The systems 100, 200 may process more than one source XML document 2 and/or ancillary XML document 16 at a time, either in parallel or serially. In such embodiments, each document may use a separate encryption key 40 for one or more documents 2, 36 although this is not required. For purposes of illustration, it is assumed that only one source XML document 2 and ancillary XML document 16 is processed at a time. During processing, source XML document 2, ancillary XML document 16, encryption key(s) 40, and XML document with encrypted content 38 may be stored in any suitable non-transitory data memory storage device 106, 206, such as a disk, ROM or RAM, or may be input into systems 100, 200 in the form of a carrier wave, e.g., via a wired or wireless network 126, such as the Internet. The network interfaces 102, 202 may include a modem link, a wired or wireless connection, USB port, floppy or hard disk receiver, transceiver portion of a cellular telephone, or the like and may be separated or combined with other components of systems 100, 200.

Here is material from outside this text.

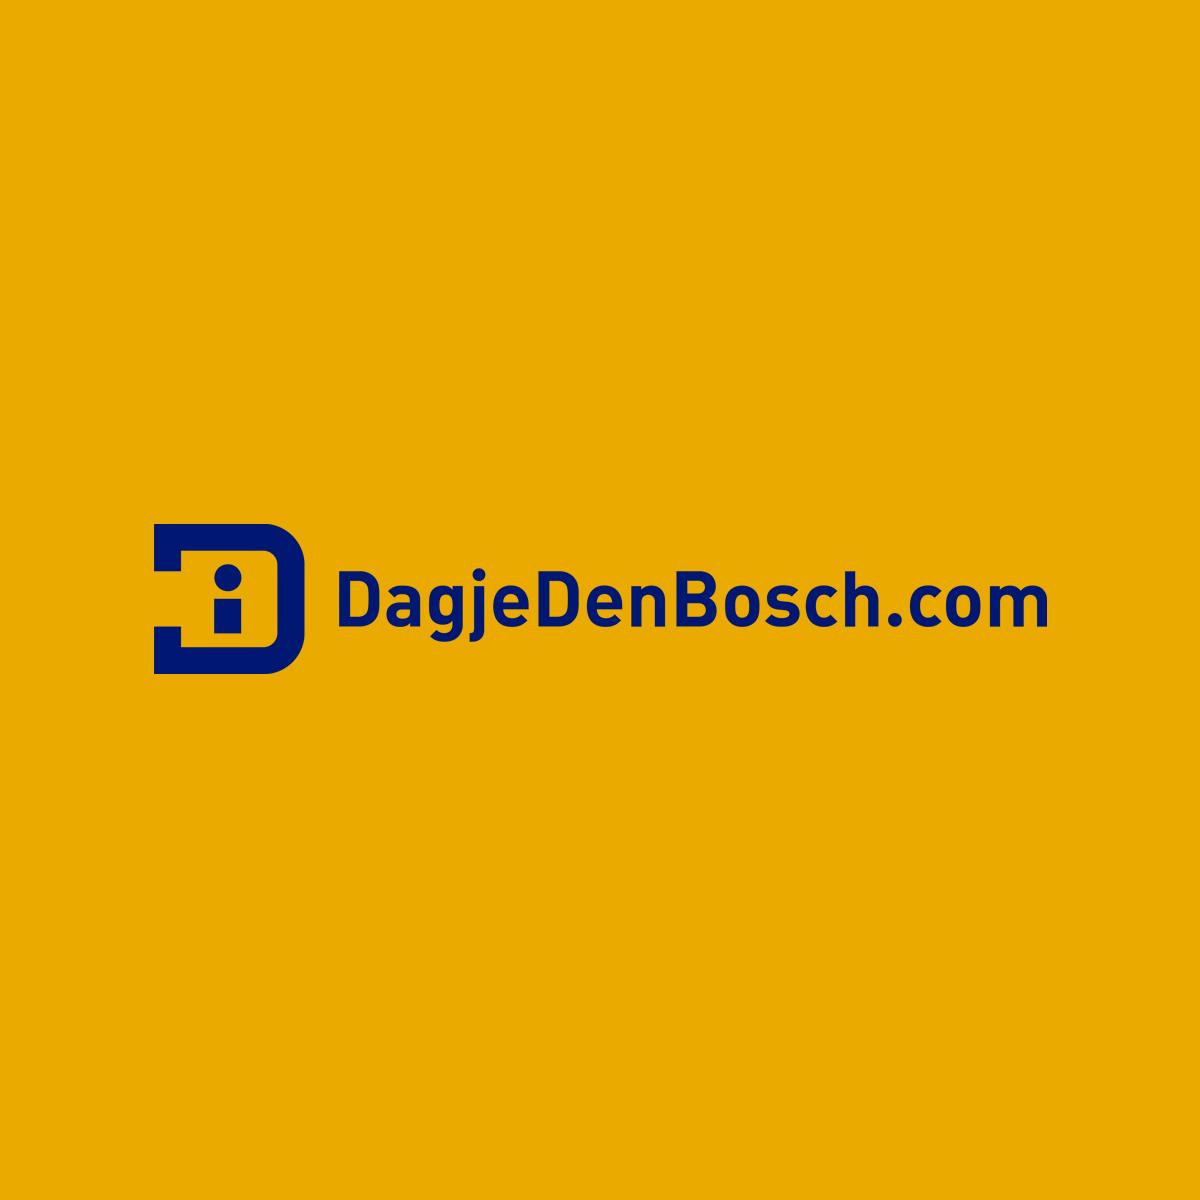 logo dagjedenbosch.com

System 100 includes data memory 106 for storing the source XML document 2, ancillary XML document 16, encryption key 40, encoded XML document 14, and any other input or intermediate data generated during processing. System 200 includes corresponding data memory 206 for storing encoded XML document 36, ancillary XML document 16, and any other input or intermediate data generated during processing.

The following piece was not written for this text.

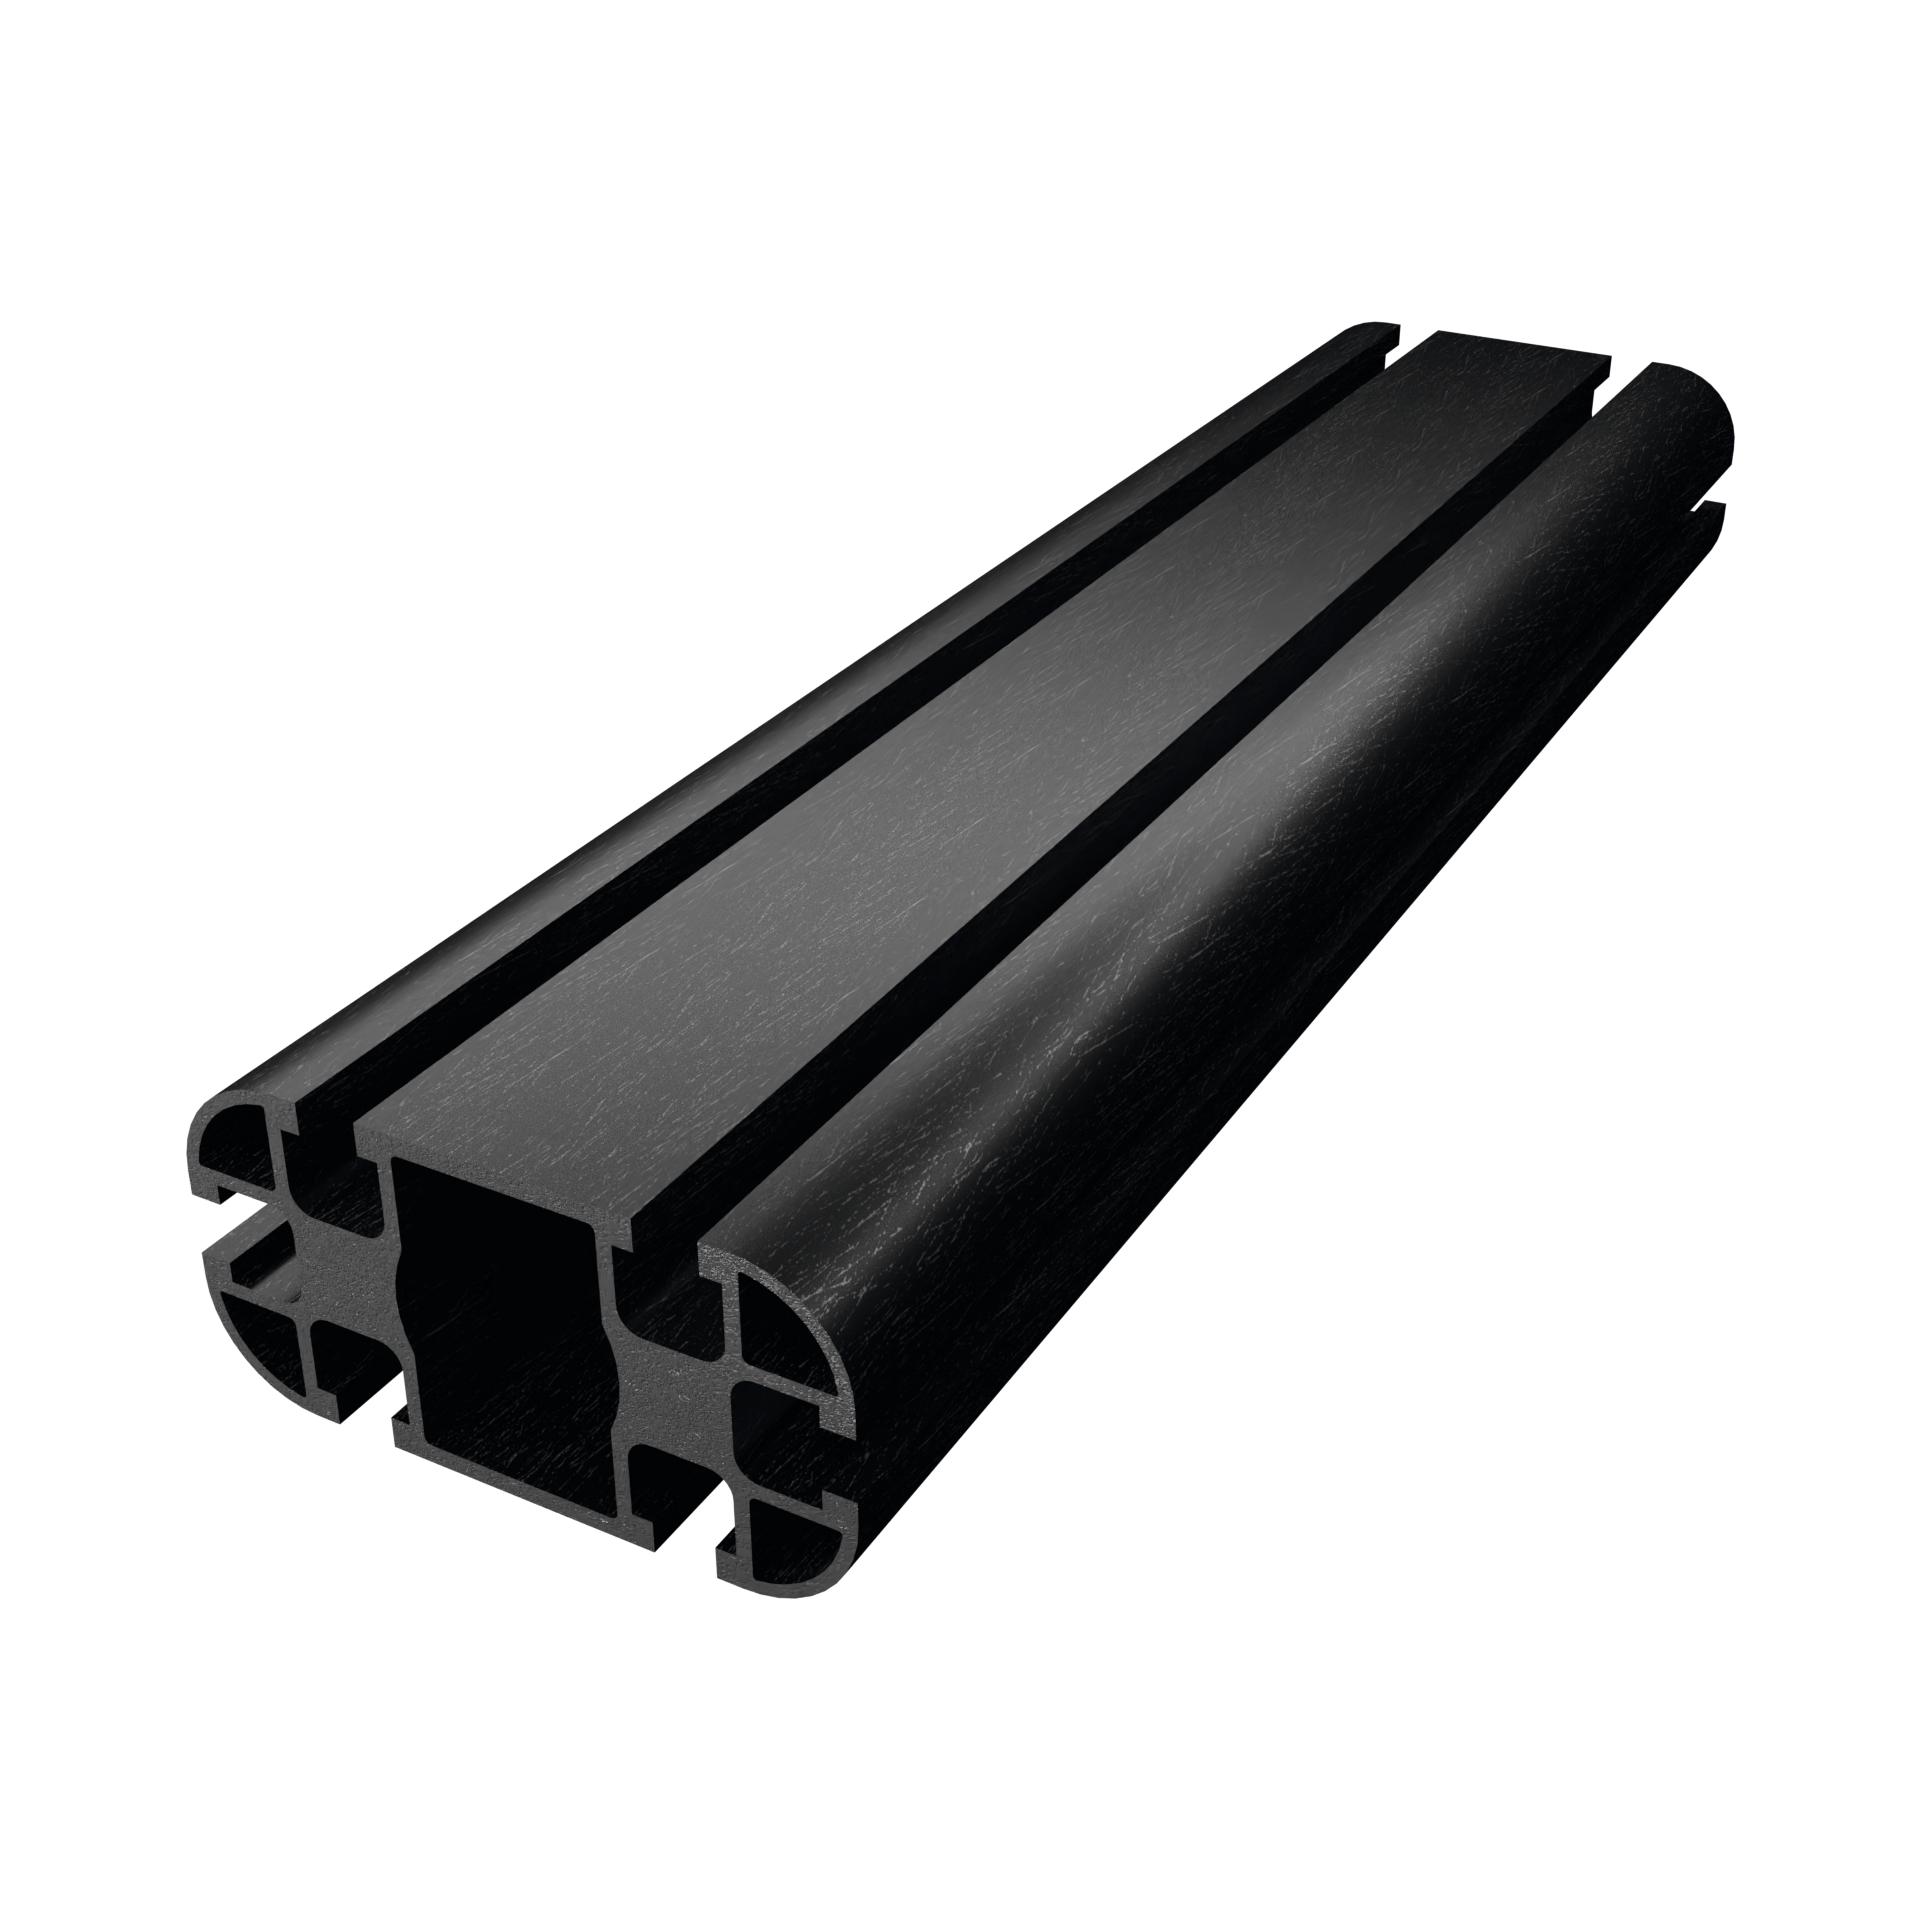 CarboSix Profilo in fibra di carbonio 45x90

Main memory 108, 208 of systems 100, 200 stores instructions 110, 210, respectively for performing the exemplary method. In particular, main memory 108 of client system 100 stores a parser 112 (e.g. an XML document object model), a normalization module 114, a content encoding/decoding module (encoder) 116, a transmission encryption module 118 (which may be implemented as TLS/SSL), and a reconstruction module 119. The parser 112 includes a structure detection module 120 and a content detection module 121. Similarly, main memory 208 of provider system 200 stores a parser 212 (e.g. an XML document object model), an XML processing module 214, and a transmission encryption module 218 (which may be implemented as TLS/SSL). The parser 212 includes a structure detection module 220 and a content detection module 221.

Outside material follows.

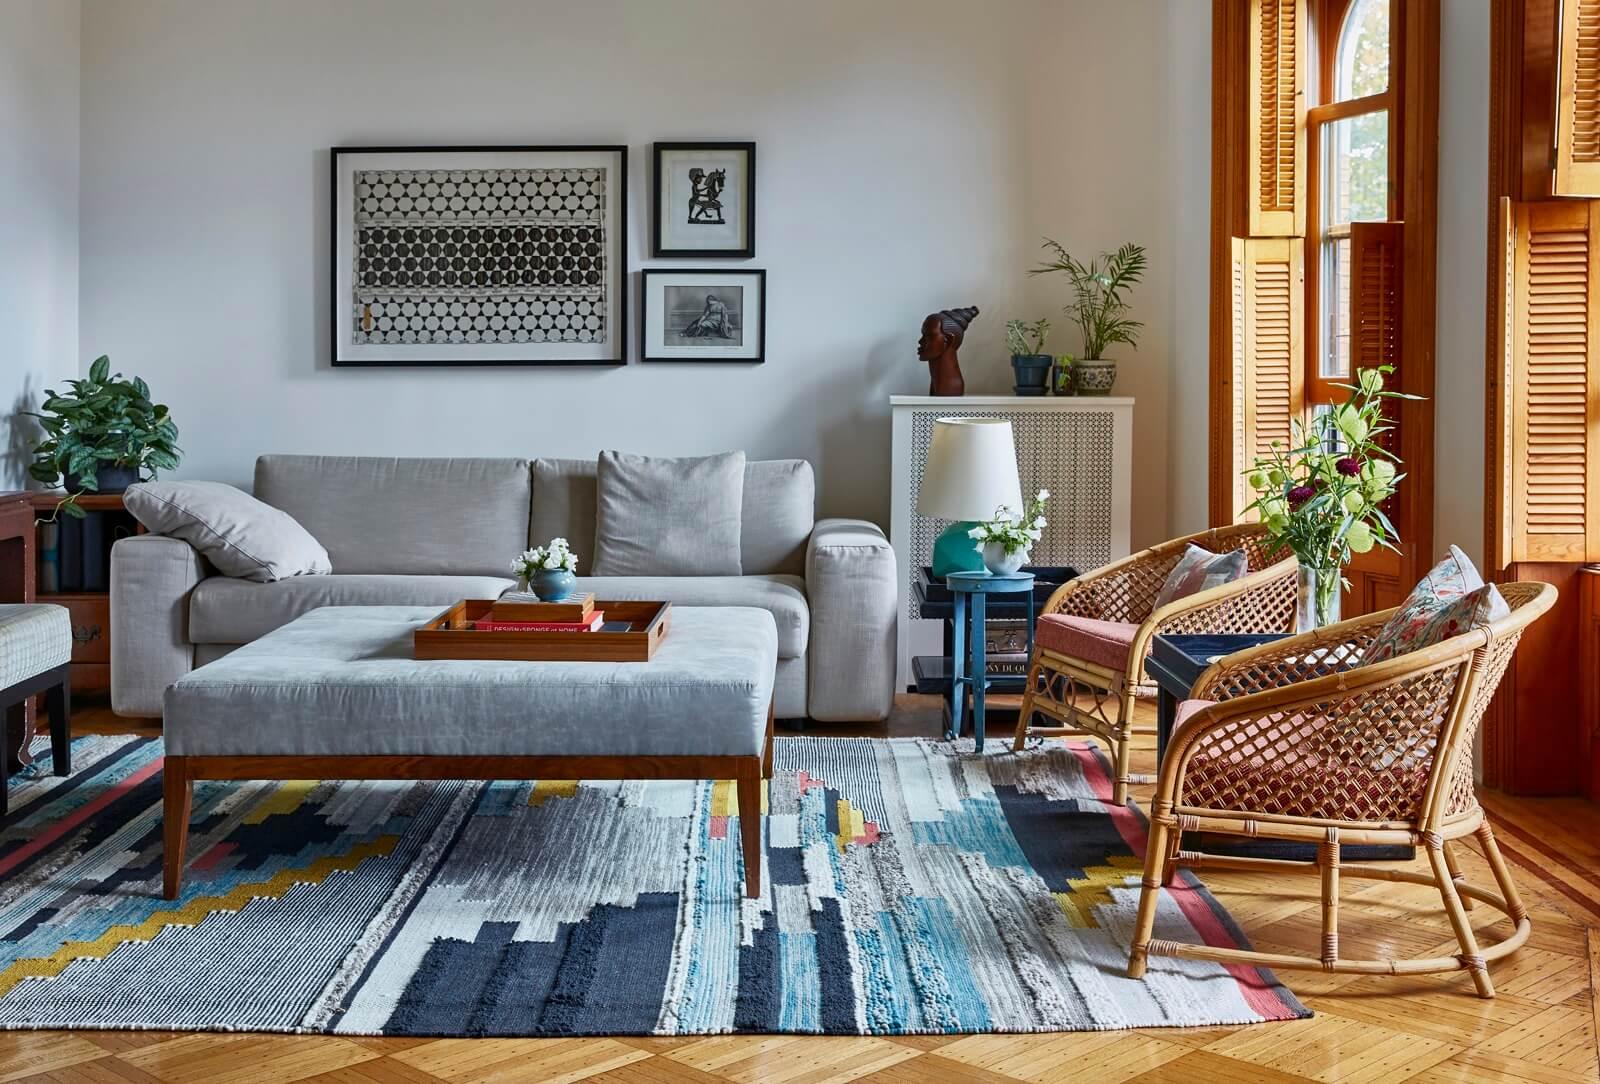 Interior Design Ideas New Life For A Vintage Park Slope Home

It is to be appreciated that memories 106, 206, and 108, 208 of the respective systems 100, 200 may be embodied as a single memory unit, or that one or both of memories 106, 206, and/or 108, 208 may comprise two or more component memory units. The instructions 110, 210 are suitably executed by a corresponding digital processor 122, 222 such as respective computer processors. Each digital processor 122, 222 may be variously embodied, such as by a single core processor, a dual core processor (or more generally by a multiple core processor), a digital processor and cooperating math coprocessor, a digital controller, or the like. Outputs from modules 110, 112, 114, 116, 118, 119 may be stored in memory 106 and/or output via input/output device 104 or network interface devices 102 to the provider system 200 and outputs from modules 210, 212, 214, and 220 may be stored in memory 206 and/or output via input/output device 204 to client system 100 or another device such as an external computer having memory and/or a processor, optionally through a wired or wireless local or wide area network 126 such as the Internet.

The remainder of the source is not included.